Furthermore, I realized something else on that Sunday afternoon. As long as I am the ego and so remain identified with my body, or any other ego attachment, I would feel threatened, even terrified, whenever something threatened to remove or destroy even one of them. It dawned that this is what Muhammad was trying to tell his followers when he said, "Die before you die or you will die a thousand deaths." Jesus said essentially the same thing when he outlined the qualifications of following him (read Luke 14:25-34). Detachment from the passing is one of the keys to living. Or, better, dying.
The French philosopher, Teilhard de Chardin said, "We are not human beings having a temporary spiritual experience; instead, we are spiritual beings having a temporary human experience." So, whatever the real me is (soul, spirit, consciousness -- you give it a name, since it really cannot be named), everything but that essential me -- the real me -- will eventually die, disappear and soon be forgotten.
When you know this -- really know it -- here is what will happen to you. At least, it did for me:
1. You'll find yourself slowing down considerably and learning to live each moment for the precious gift it really is. You'll think less about the past and almost never about the future. What you will think about instead is now. And what else is there, really?
2. You'll stop being too bothered about things that really don't matter, anyway. Just today, for example, my stepdaughter was telling me about all the relational drama at the restaurant where she's a server. Employees arguing, disagreeing and creating drama for everyone and mostly over things so inconsequential that, if any of them saw a parody of their behavior in a sitcom on television, they would laugh till their sides split at its stupidity."

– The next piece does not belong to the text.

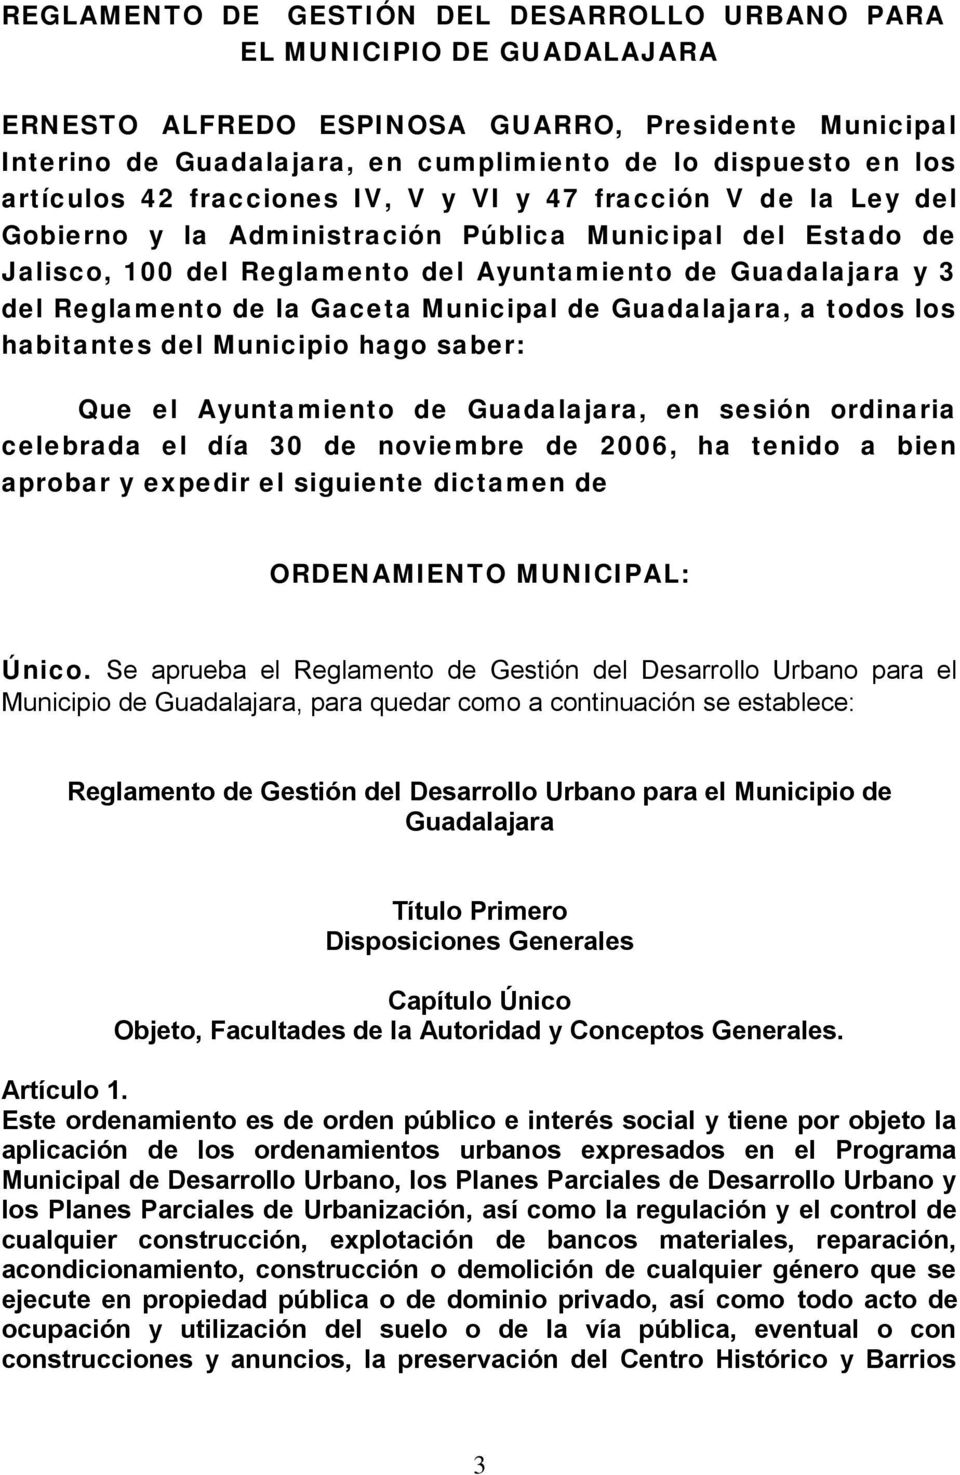 Reglamento de la Gaceta Municipal de Guadalajara, a todos los habitantes del Municipio hago saber: Que el Ayuntamiento de Guadalajara, en sesión ordinaria celebrada el día 30 de noviembre de 2006, ha

3. You'll think about death more often. But instead of death being a monster you must avoid, it'll be a mentor reminding you of what's important. What I'm discovering is that as the ego in me dies, I live. But until it dies, I don't. Not fully, anyway.
4. And, you'll find the fear of death begins to disappear, too. This may be its greatest benefit and one I have yet to fully realize in my own life. Yes, I still regard death as "the last enemy," as Saint Paul called it (1 Cor. 15:26). But what I can happily say is that death is no longer the enemy it once was. Make friends with it because Da Vinci was right. You never really learn how to live. You only ever learn how to die.
One more thing. I said at the beginning that taxes were as uncertain as the weather. Well, what you'll pay may be uncertain; paying taxes may be eternal. So go file a later return and have a happy Easter.